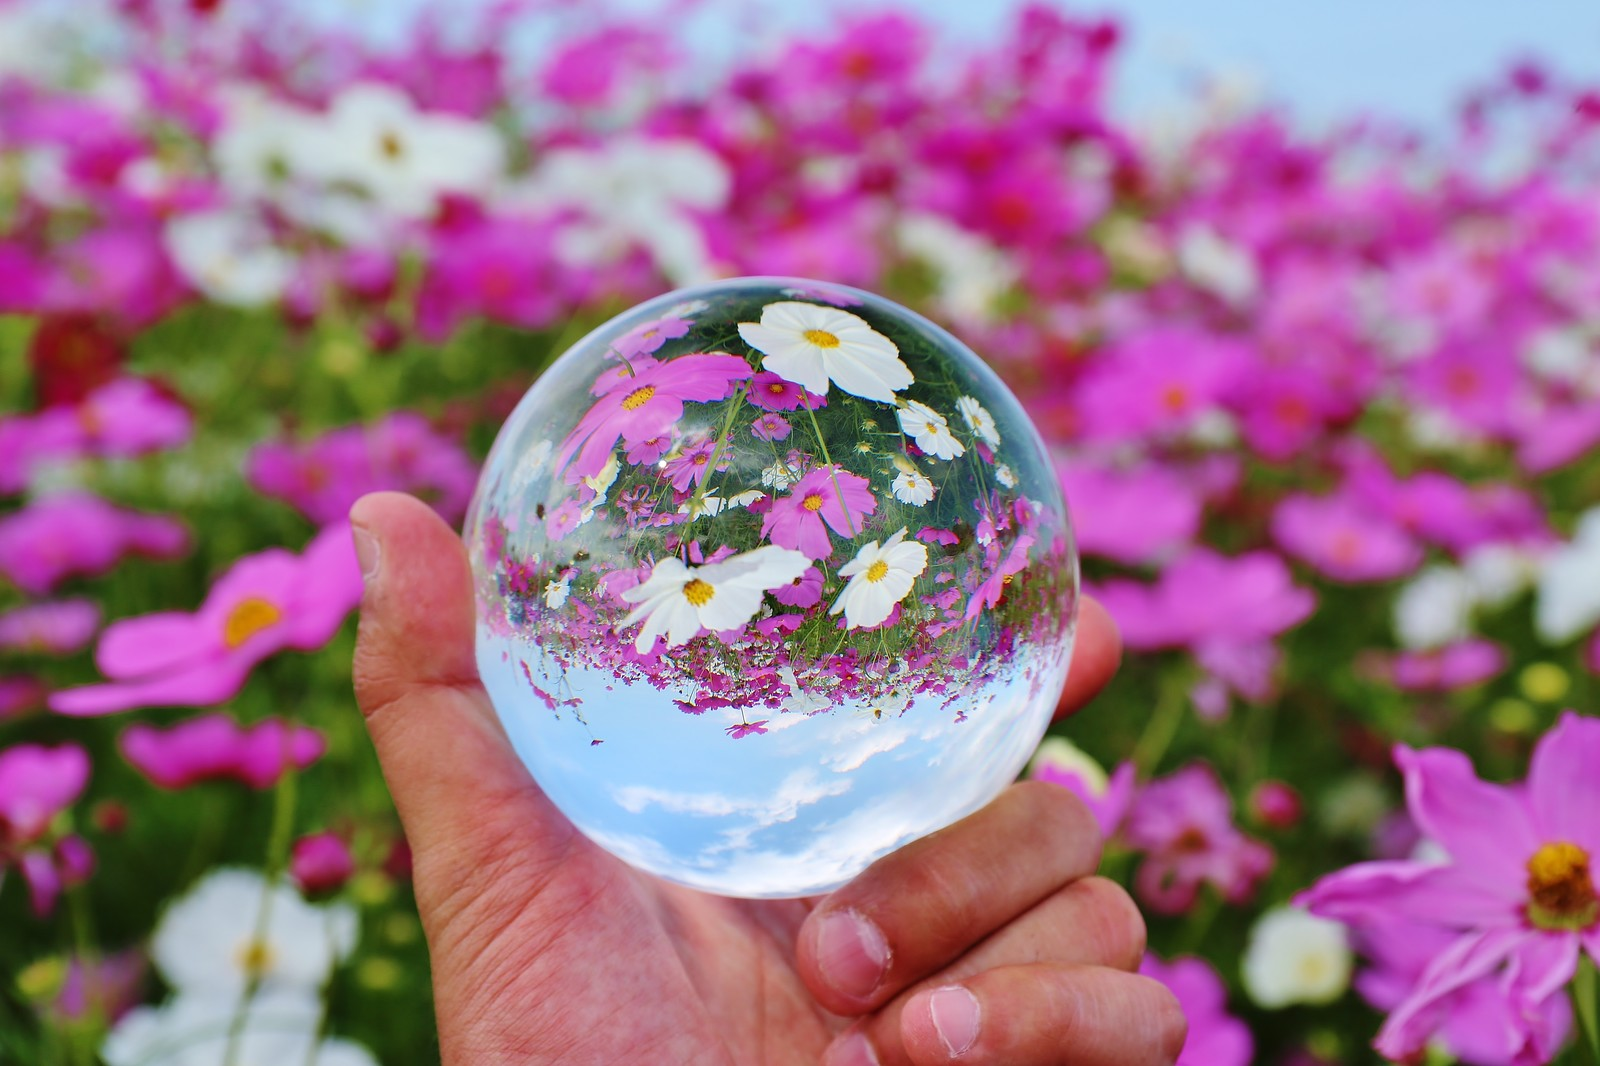 「コスモス畑と水晶玉」の写真
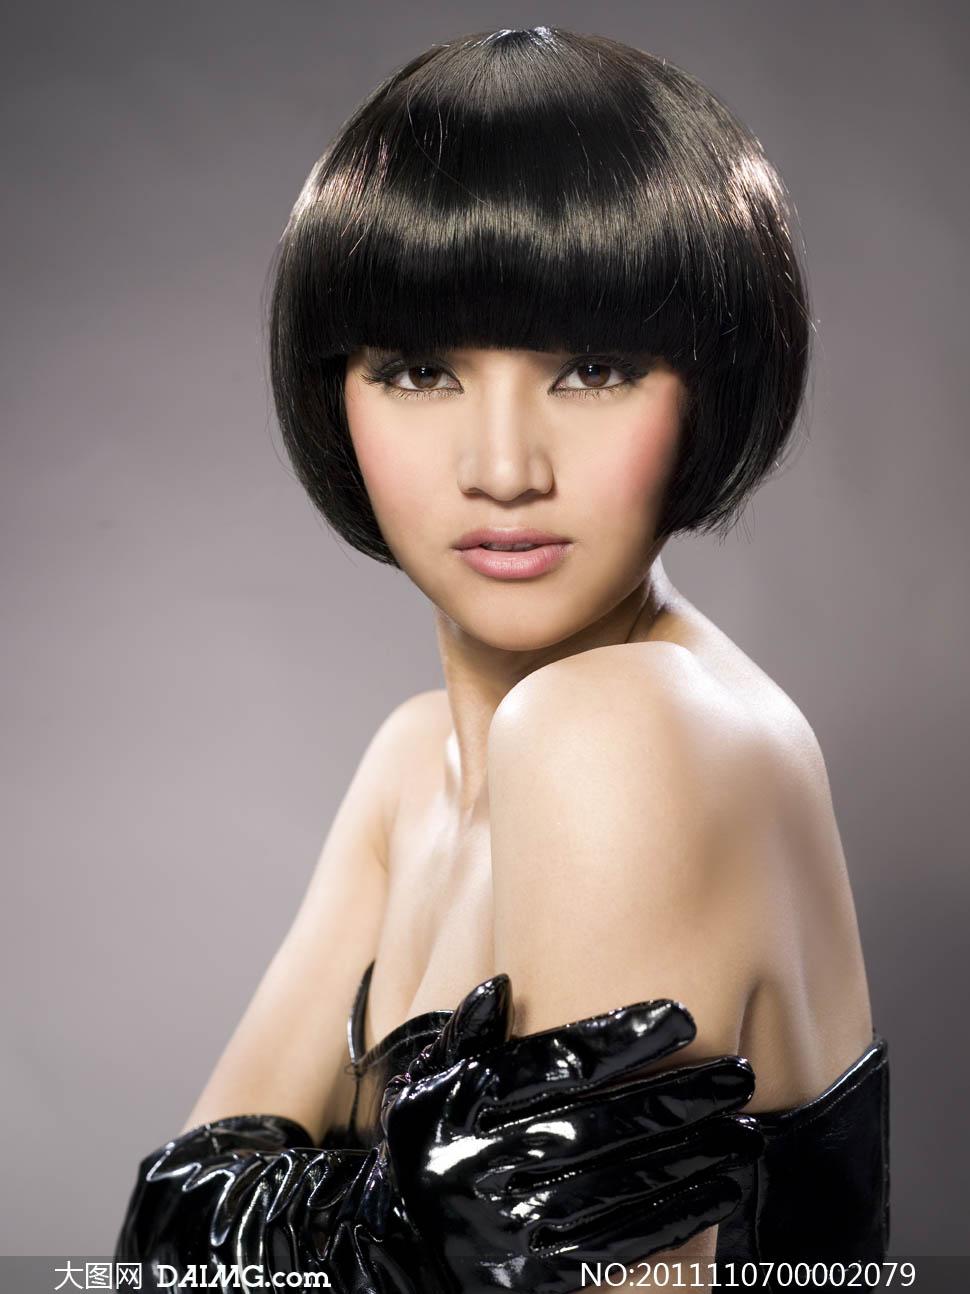 理发店发型设计摄影图片
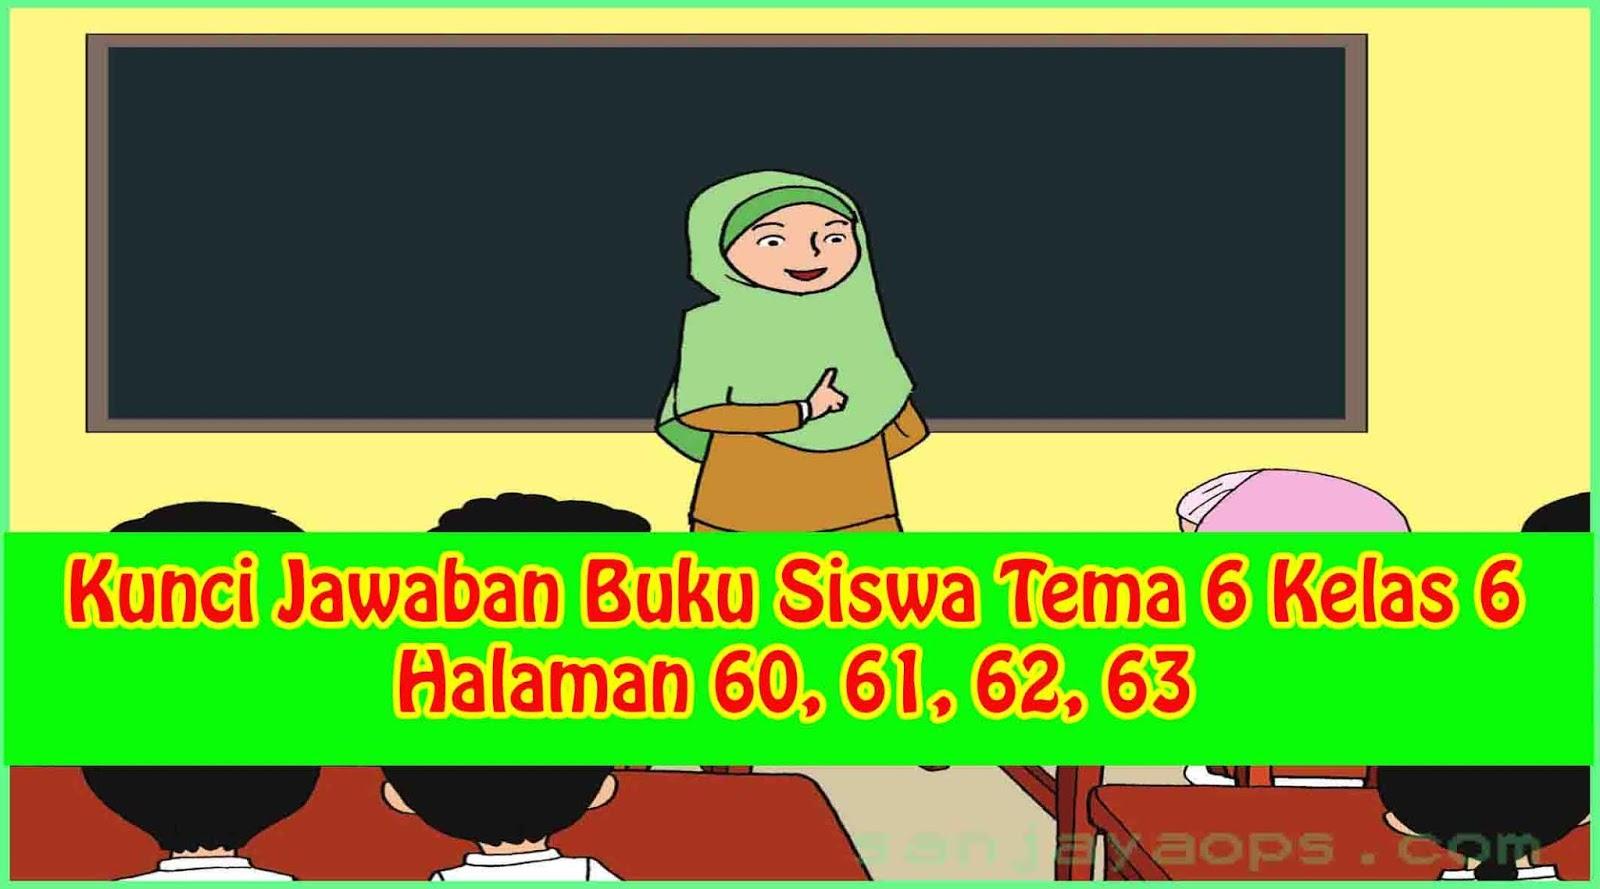 Kunci Jawaban Buku Siswa Tema 6 Kelas 6 Halaman 60 61 62 63
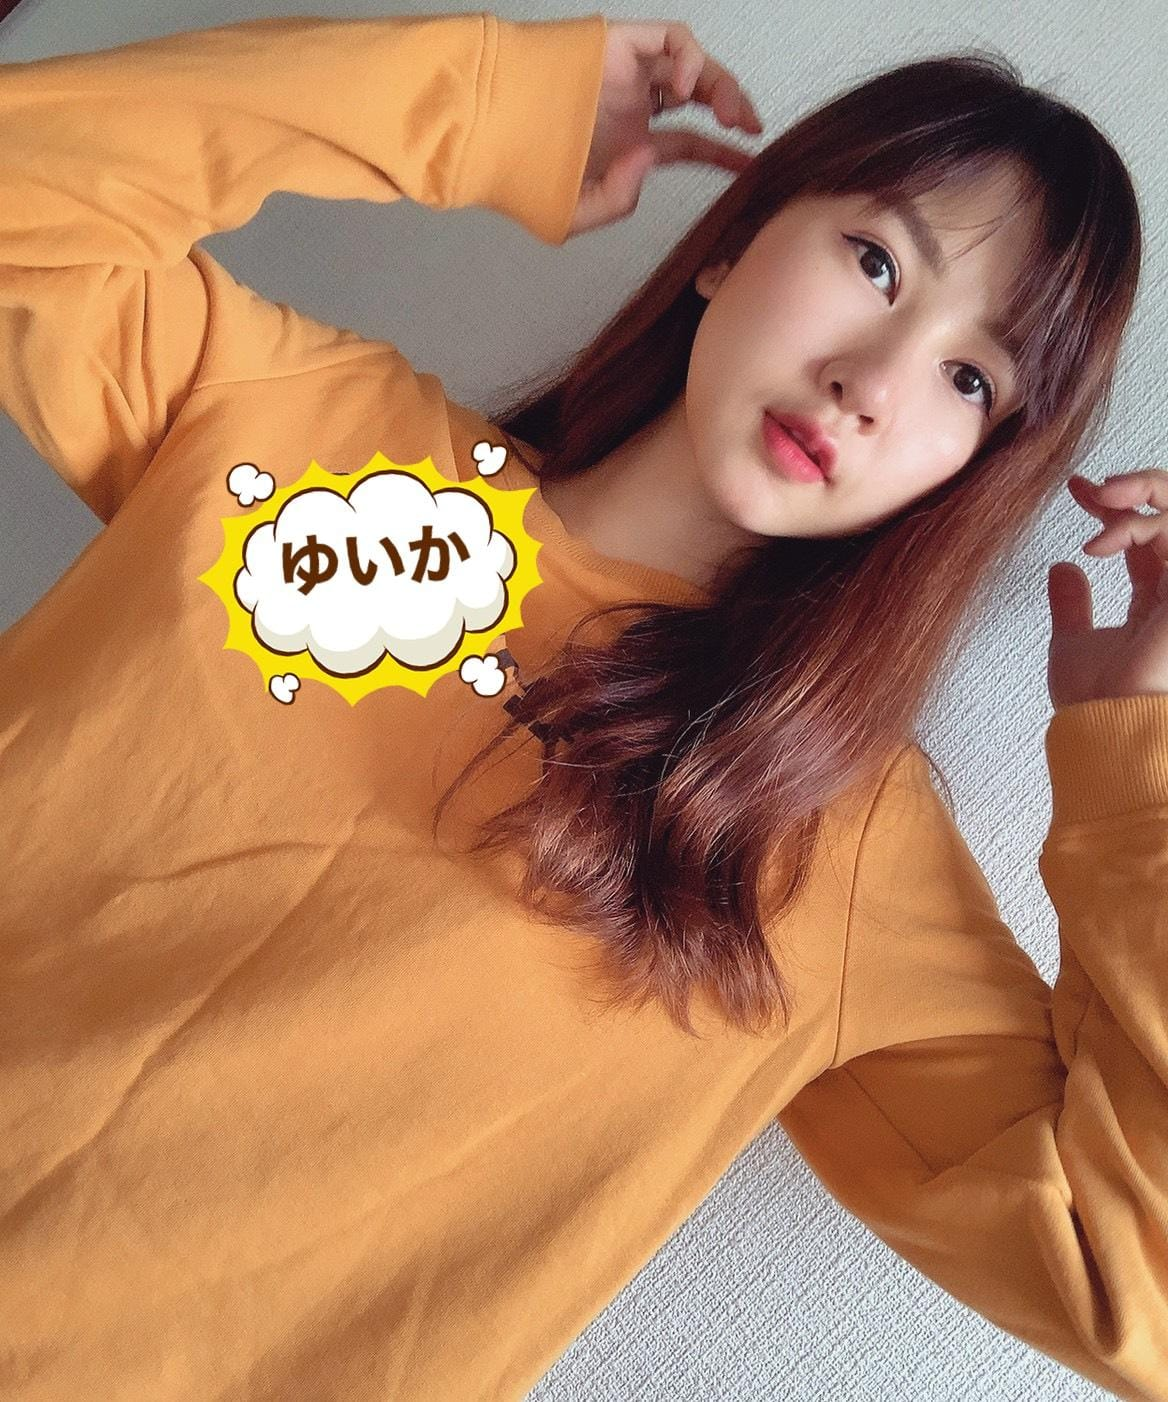 「元気のユイカ」07/14(火) 10:42 | ゆいかの写メ・風俗動画

__TASK TO COMPLETE__: The required output is the span of lines from the line with "理发店发型设计摄影图片" through the final line of the listing above, reproduced exactly, minus the pictures.

__RESULT OF THE TASK__:
 理发店发型设计摄影图片
 Kunci Jawaban Buku Siswa Tema 6 Kelas 6 Halaman 60 61 62 63
 「元気のユイカ」07/14(火) 10:42 | ゆいかの写メ・風俗動画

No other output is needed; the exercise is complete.